Begini ceritanya. Dulu, ketika masih muda punya cita-cita memelihara burung beo. Aneh ya? Kenapa tidak bercita-cita jadi konglemerat punya perusahaan banyak dan selir selusin. Atau jadi politisi dan kemudian menduduki jabatan tinggi di pemerintahan. Nggak tuh, penulis cuma bercita-cita ingin punya burung beo karena unggas jenis ini bisa menirukan suara manusia.

Mau beli, tak cukup uang. Coba kalau jadi konglemerat. Tinggal sebut kepada anak buah, paling lambat esoknya sudah di hadapan mata. Tapi ini, tak punya doku. Tapi, lagi-lagi, janji Tuhan itu tak pernah tertukar. Buktinya, beo datang ke rumah sendiri. Ia masuk melalui garasi rumah penulis. Tinggal tangkap, pelihara beberapa bulan sudah berceloteh seperti anak kecil.

Itu kejadiannya sudah lama. Beo akhirnya diserahkan kepada rekan. Sebab, penulis pindah rumah alias ditarik perusahaan dari dinas kembali ke induk.

Kini, keinginan memelihara burung kembali muncul. Tapi, ada hambatannya. Yaitu, mau beli burung rata-rata harganya setengah jeti (setengah juta rupiah) paling murah. Wuih, mahal. Apa lagi sekarang di berbagai pemukiman di Jakarta, banyak warga tengah "demam" burung.

Mbok jamu datang ke Jakarta dengan motor dari Jawa. Foto | Dokpri.

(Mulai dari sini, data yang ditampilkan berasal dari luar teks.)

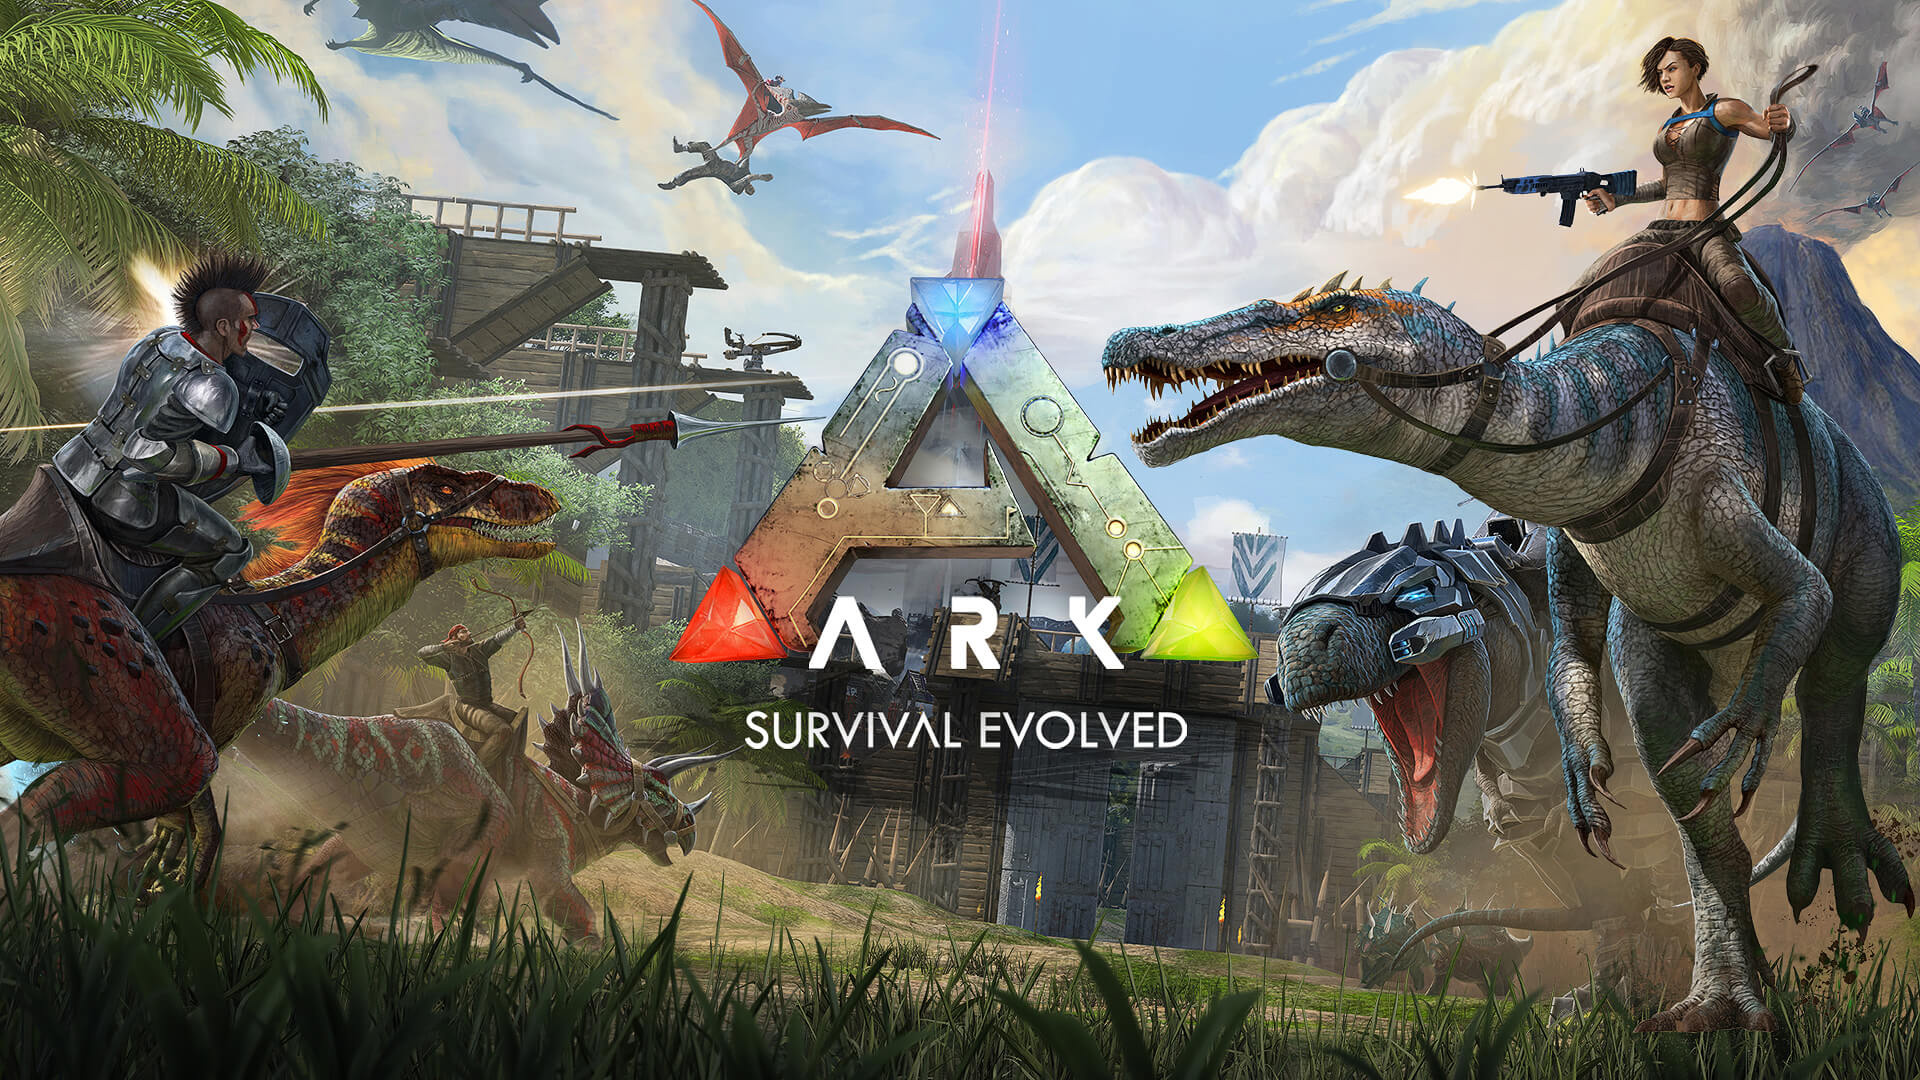 ARK: Survival Evolved: A primeval remain alive game developed by Studio Wildcard. 1920x1080 Full HD Wallpaper.

Entah karena memang hoki, burung datang sendiri. Peristiwa serupa terulang. Awalnya, si burung Jalak masuk lewat kandang ayam di lantai dua rumah penulis. Lalu, si jalak itu masuk ke lantai dua rumah. Burung mendekat. Penulis pun tinggal tangkap dan kemudian dibelikan kandang. Jalak nangkring riang di kandang karena makanan cepat tersaji.

Kini, kalau pagi hari, ia berbunyi. Cerewet. Rumah pun jadi ramai. Burung jalak, ayam jago dan ayam kate - yang kecil-kecil lari lincah - saling bersahut-sahutan mempertujukkan suaranya. Beginikah kehidupan harmoni? tanyaku dalam hati.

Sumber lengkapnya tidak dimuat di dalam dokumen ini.